University of Michigan researchers have created a smartphone app that monitors subtle qualities of a person’s voice during everyday phone conversations, showing promise for detecting early signs of mood changes in people with bipolar disorder.
The researchers hope the app will eventually give people with bipolar disorder and their healthcare teams an early warning of the changing moods that give the condition its name. The researchers presented their findings at the International Conference on Acoustics, Speech and Signal Processing in Italy, and published details simultaneously in the conference proceedings.
While the app still needs much testing before widespread use, early results from a small group of patients show its potential to monitor moods while protecting privacy. More patients, all taking part in the study funded by the National Institute of Mental Health and facilitated by the Prechter Bipolar Research Fund at the U-M Depression Center, have already started to use the app on study-provided smartphones. As more patients volunteer, the team will continue to test and improve the technology.

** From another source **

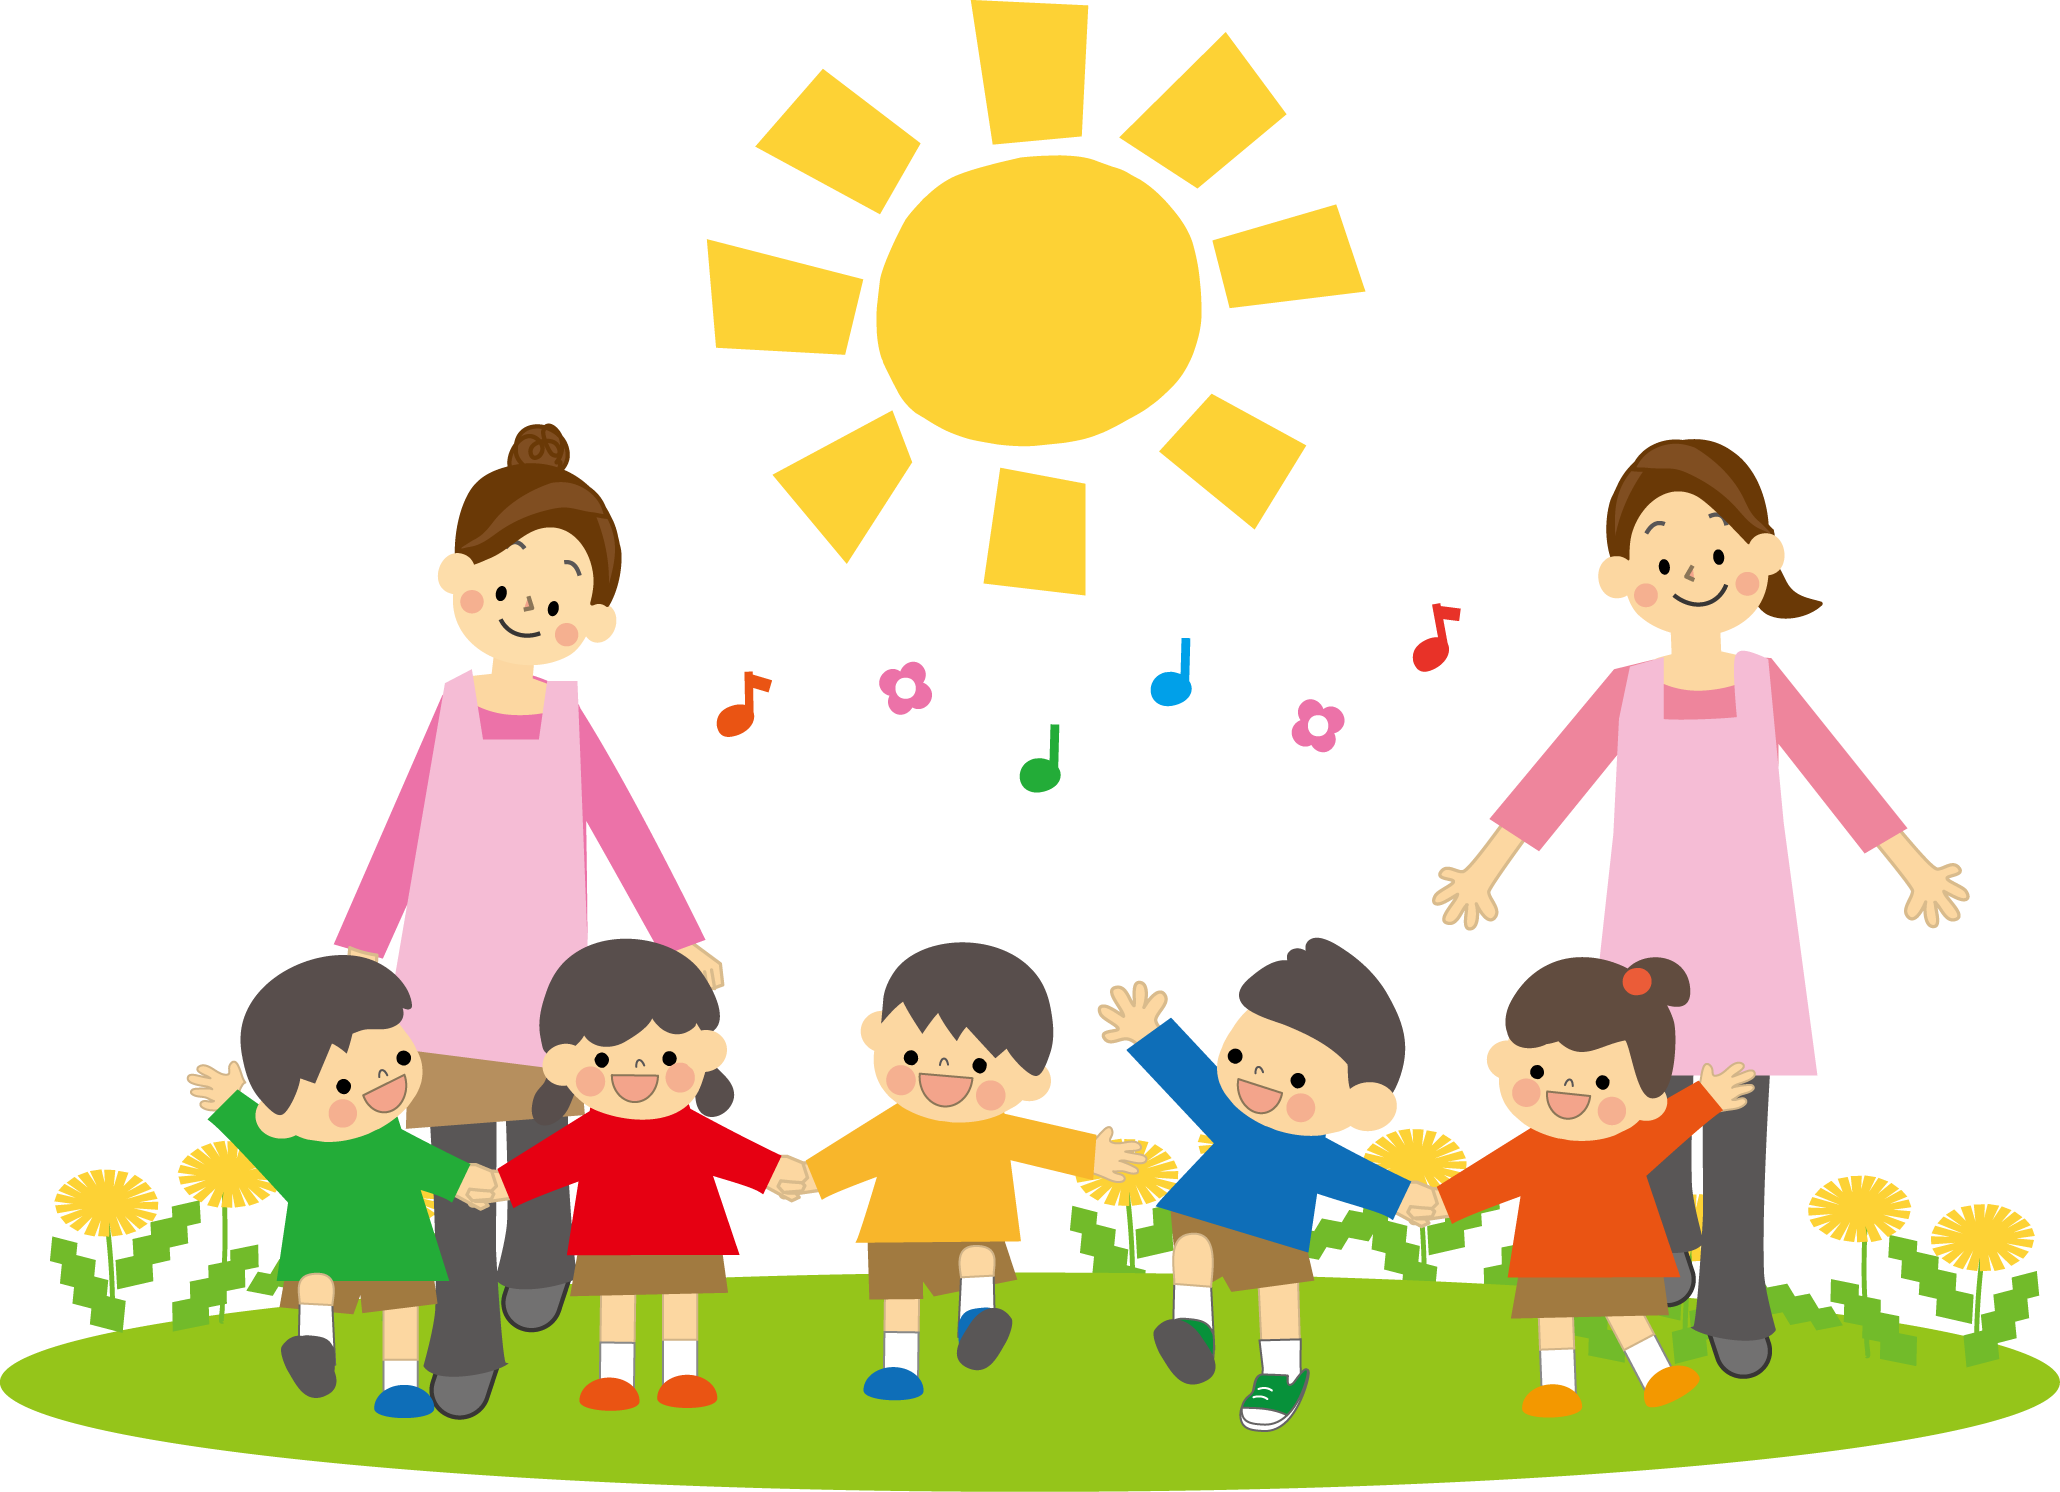 for Aprendiendo y jugando jardin infantil

They call the project PRIORI, because they hope it will yield a biological marker to prioritize bipolar disorder care to those who need it most urgently to stabilize their moods—especially in regions of the world with scarce mental health services. Bipolar disorder affects tens of millions of people worldwide, and can have devastating effects including suicide.
The app runs in the background on an ordinary smartphone, and automatically monitors the patients’ voice patterns during any calls made as well as during weekly conversations with a member of the patient’s care team. The computer program analyzes many characteristics of the sounds—and silences—of each conversation.
Only the patient’s side of everyday phone calls is recorded— and the recordings themselves are encrypted and kept off-limits to the research team. They can see only the results of computer analysis of the recordings, which are stored in secure servers that comply with patient privacy laws.
Standardized weekly mood assessments with a trained clinician provide a benchmark for the patient’s mood, and are used to correlate the acoustic features of speech with their mood state. Because other mental health conditions also cause changes in a person’s voice, the same technology framework developed for bipolar disorder could prove useful in everything from schizophrenia and post-traumatic stress disorder to Parkinson’s disease, the researchers say.
The first six patients all have a rapid-cycling form of Type 1 bipolar disorder and a history of being prone to frequent depressive and manic episodes. The researchers showed that their analysis of voice characteristics from everyday conversations could detect elevated and depressed moods. The detection of mood states will improve over time as the software gets trained based on more conversations and data from more patients.
“These pilot study results give us preliminary proof of the concept that we can detect mood states in regular phone calls by analyzing broad features and properties of speech, without violating the privacy of those conversations,” Zahi Karam, Ph.D., a postdoctoral fellow and specialist in machine learning and speech analysis, said in a news release. “As we collect more data the model will become better, and our ultimate goal is to be able to anticipate swings, so that it may be possible to intervene early.”